= Patrick Montan =

Swiss musician (born 1976)

Patrick Montan (born 1976) is a Swiss harpsichordist and musicologist.

Born in Lausanne, Mountain studied piano from the age of eight at Geneva Conservatory. Fascinated by the works of Johann Sebastian Bach, when he was seventeen he decided to study the harpsichord and its huge repertoire.

In June 2000 the Conservatoire Supérieur de Musique de Genève, where he was in the class of Christiane Jaccottet, awarded him first prize in harpsichord virtuosity. He was the last of Jaccottet's pupils to be entirely trained by her. In October 2000 he obtained a degree in literature, specialising in musicology, from the University of Geneva.

In June 2002 Patrick Montan obtained a post-graduate diploma in harpsichord studies with Bob van Asperen at the Amsterdamse Hogeschool voor de Kunsten. He also followed the master courses of Christopher Hogwood, Christiane Jaccottet, Bob van Asperen and Gustav Leonhardt. In 2003 the Leenaards Foundation awarded him a cultural scholarship.

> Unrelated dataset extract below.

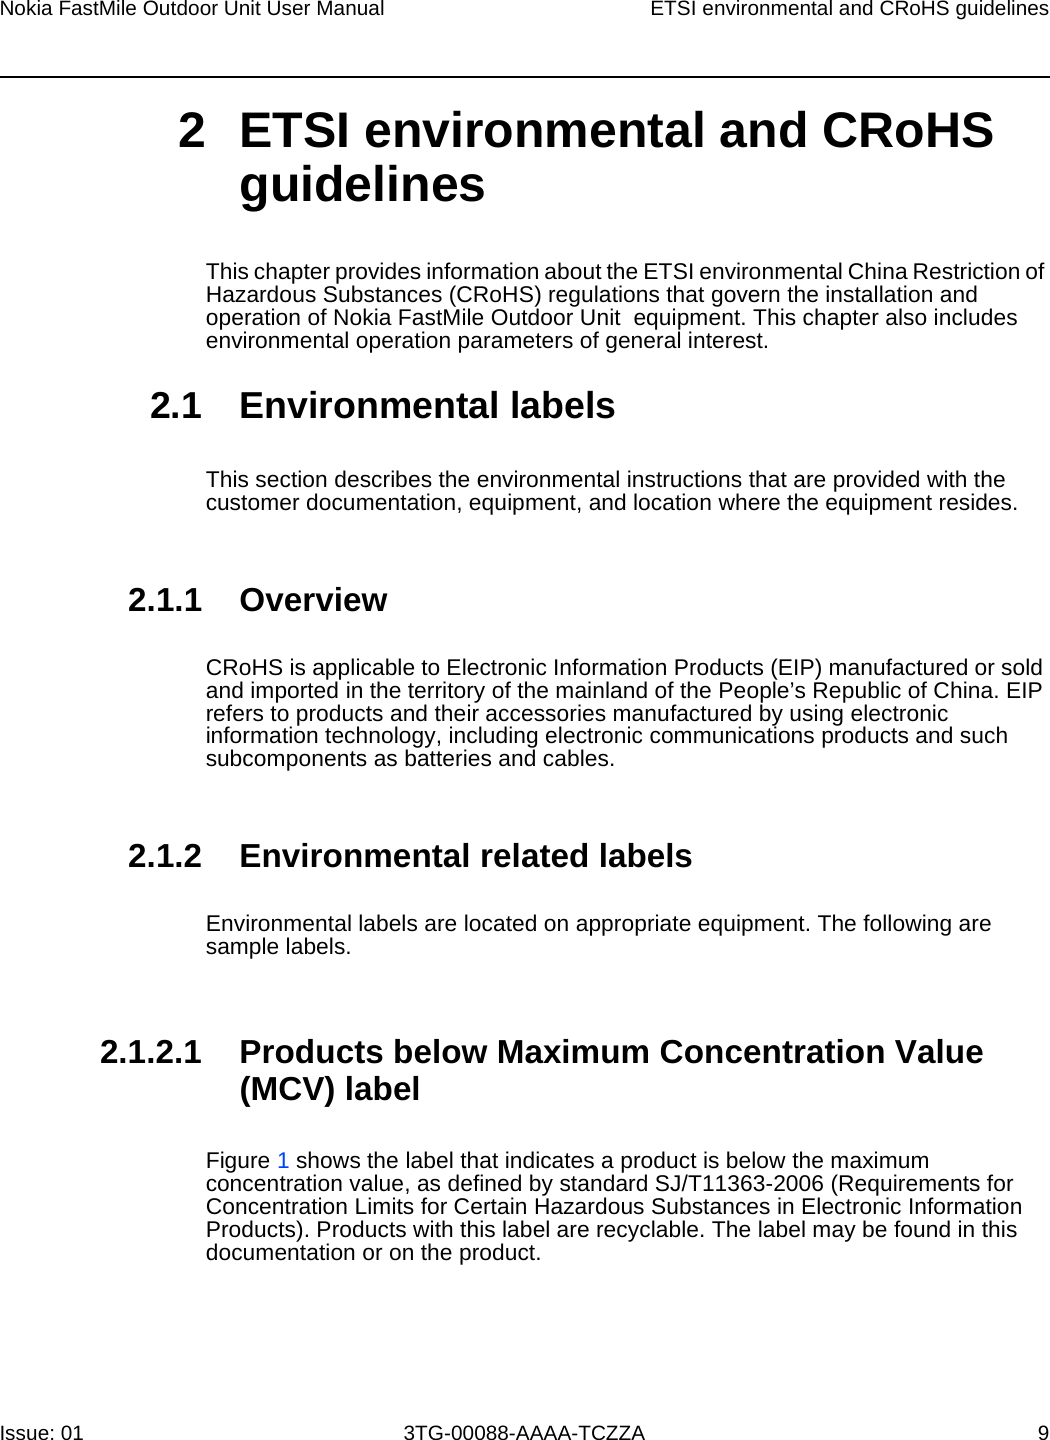 Nokia FastMile Outdoor Unit User Manual ETSI environmental and CRoHS guidelinesIssue: 01 3TG-00088-AAAA-TCZZA 9 2 ETSI environmental and CRoHS guidelinesThis chapter provides information about the ETSI environmental China Restriction of Hazardous Substances (CRoHS) regulations that govern the installation and operation of Nokia FastMile Outdoor Unit  equipment. This chapter also includes environmental operation parameters of general interest. 2.1 Environmental labelsThis section describes the environmental instructions that are provided with the customer documentation, equipment, and location where the equipment resides.2.1.1 OverviewCRoHS is applicable to Electronic Information Products (EIP) manufactured or sold and imported in the territory of the mainland of the People’s Republic of China. EIP refers to products and their accessories manufactured by using electronic information technology, including electronic communications products and such subcomponents as batteries and cables.2.1.2 Environmental related labelsEnvironmental labels are located on appropriate equipment. The following are sample labels.2.1.2.1 Products below Maximum Concentration Value (MCV) labelFigure 1 shows the label that indicates a product is below the maximum concentration value, as defined by standard SJ/T11363-2006 (Requirements for Concentration Limits for Certain Hazardous Substances in Electronic Information Products). Products with this label are recyclable. The label may be found in this documentation or on the product.

Concurrently with his studies and teaching the harpsichord and the clavichord, Patrick Montan has appeared in several European countries (France, Germany, Austria, Holland, Britain, Switzerland etc.) mostly as a soloist, but also as a continuo player of chamber music. He recorded on the original harpsichord by Ioannes Ruckers (Antwerp, 1624) in the Unterlinden Museum in Colmar works by Jan Pieterszoon Sweelinck, Johann Jakob Froberger, François Couperin and Johann Sebastian Bach.

On the musicology side, Patrick Montan has written a monograph entitled "L’Art de toucher le clavecin de François Couperin. Autour du doigté", in which he succeeded in reconstituting Couperin's original fingering for the harpsichord pieces from Couperin's book of the same name.